* **Data segment**:
--------------------------------
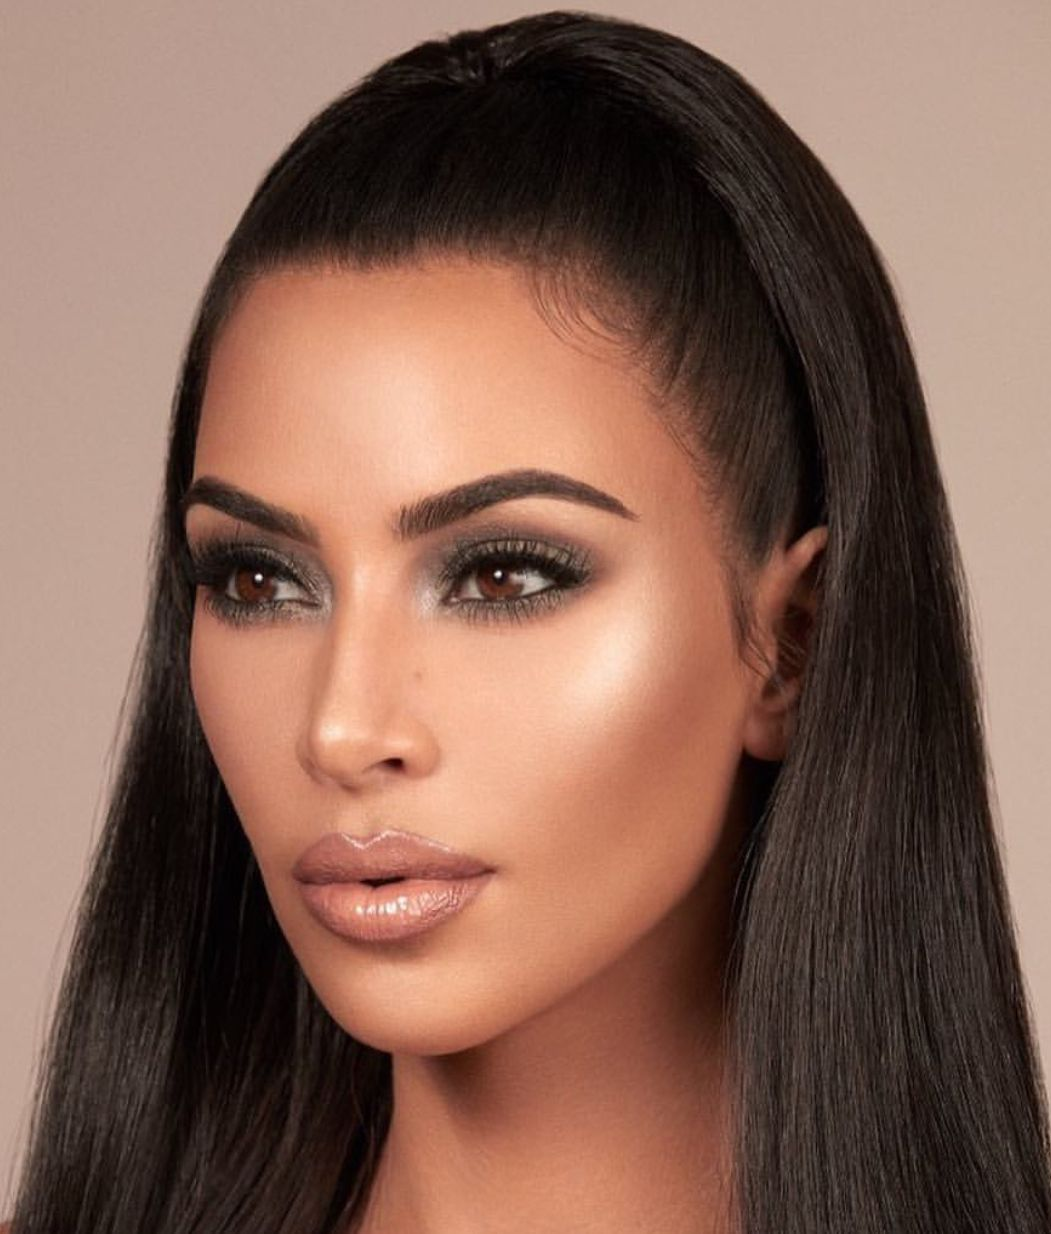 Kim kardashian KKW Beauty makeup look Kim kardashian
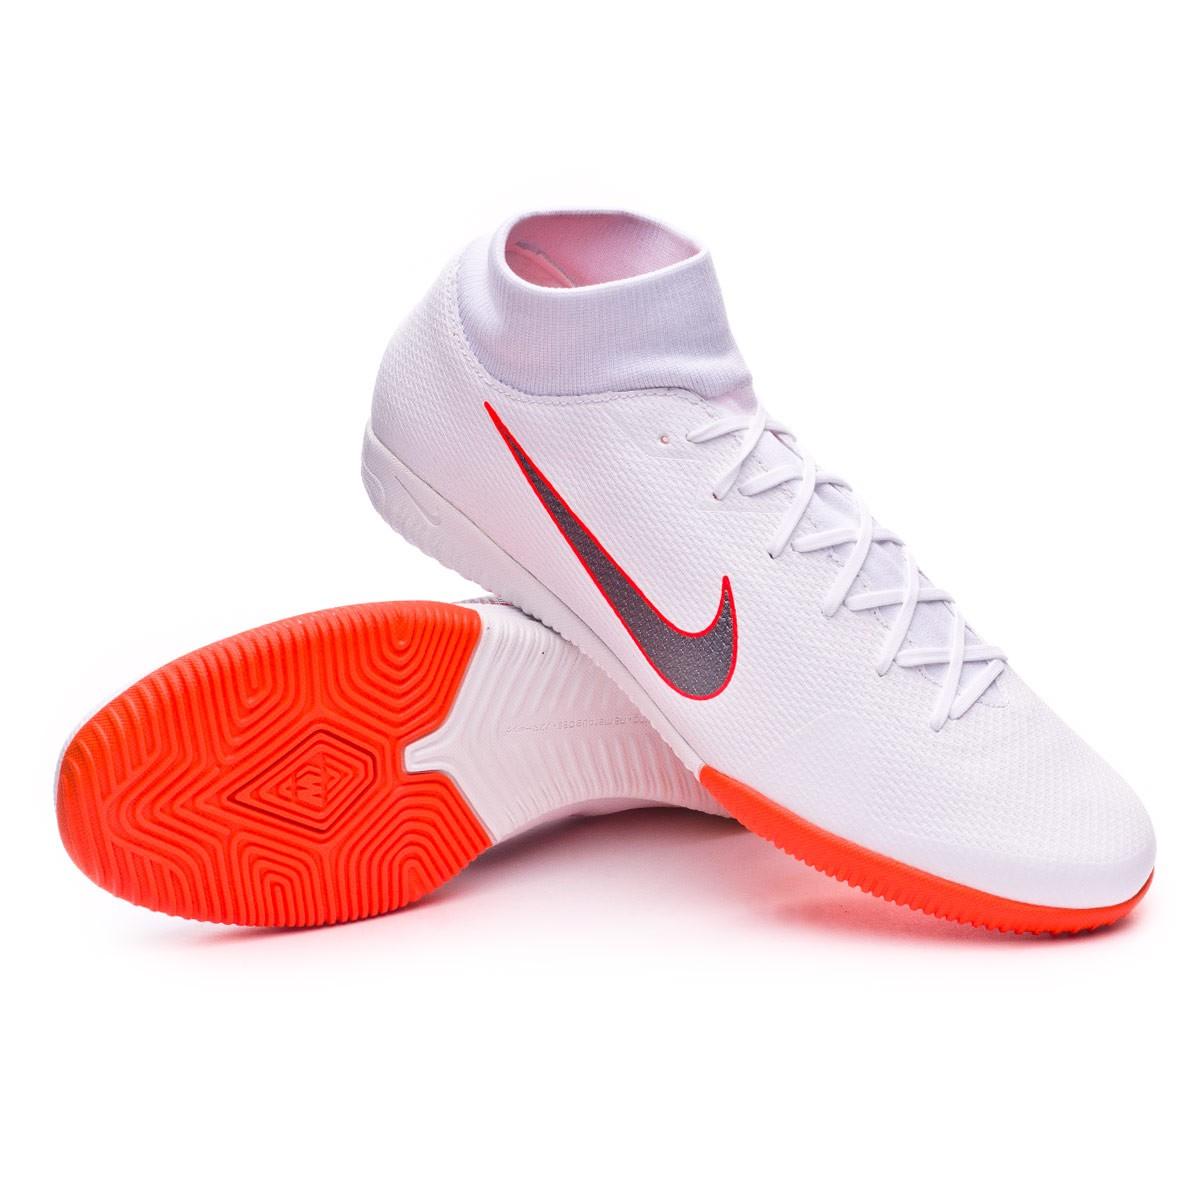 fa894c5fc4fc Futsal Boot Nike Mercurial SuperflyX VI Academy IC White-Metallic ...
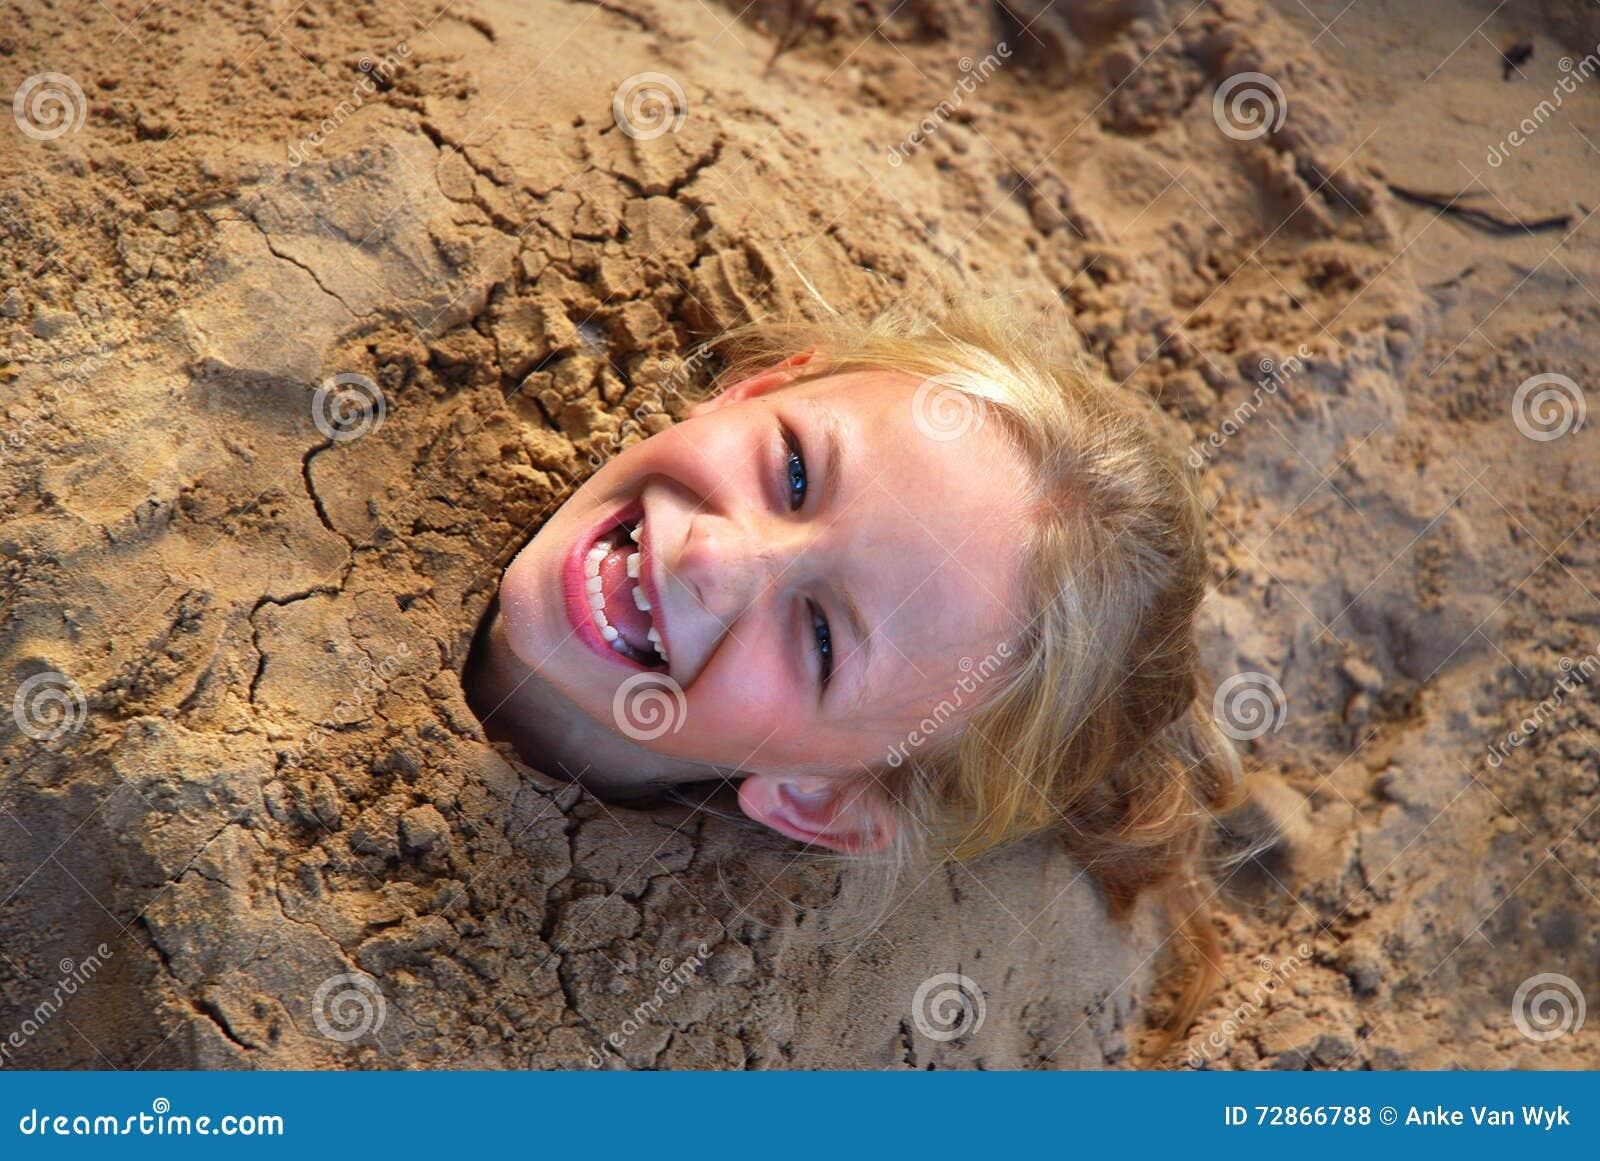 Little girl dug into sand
--------------------------------
Print the listing word for word, but omit the pictures.

 Kim kardashian KKW Beauty makeup look Kim kardashian
 fa894c5fc4fc Futsal Boot Nike Mercurial SuperflyX VI Academy IC White-Metallic ...
 Little girl dug into sand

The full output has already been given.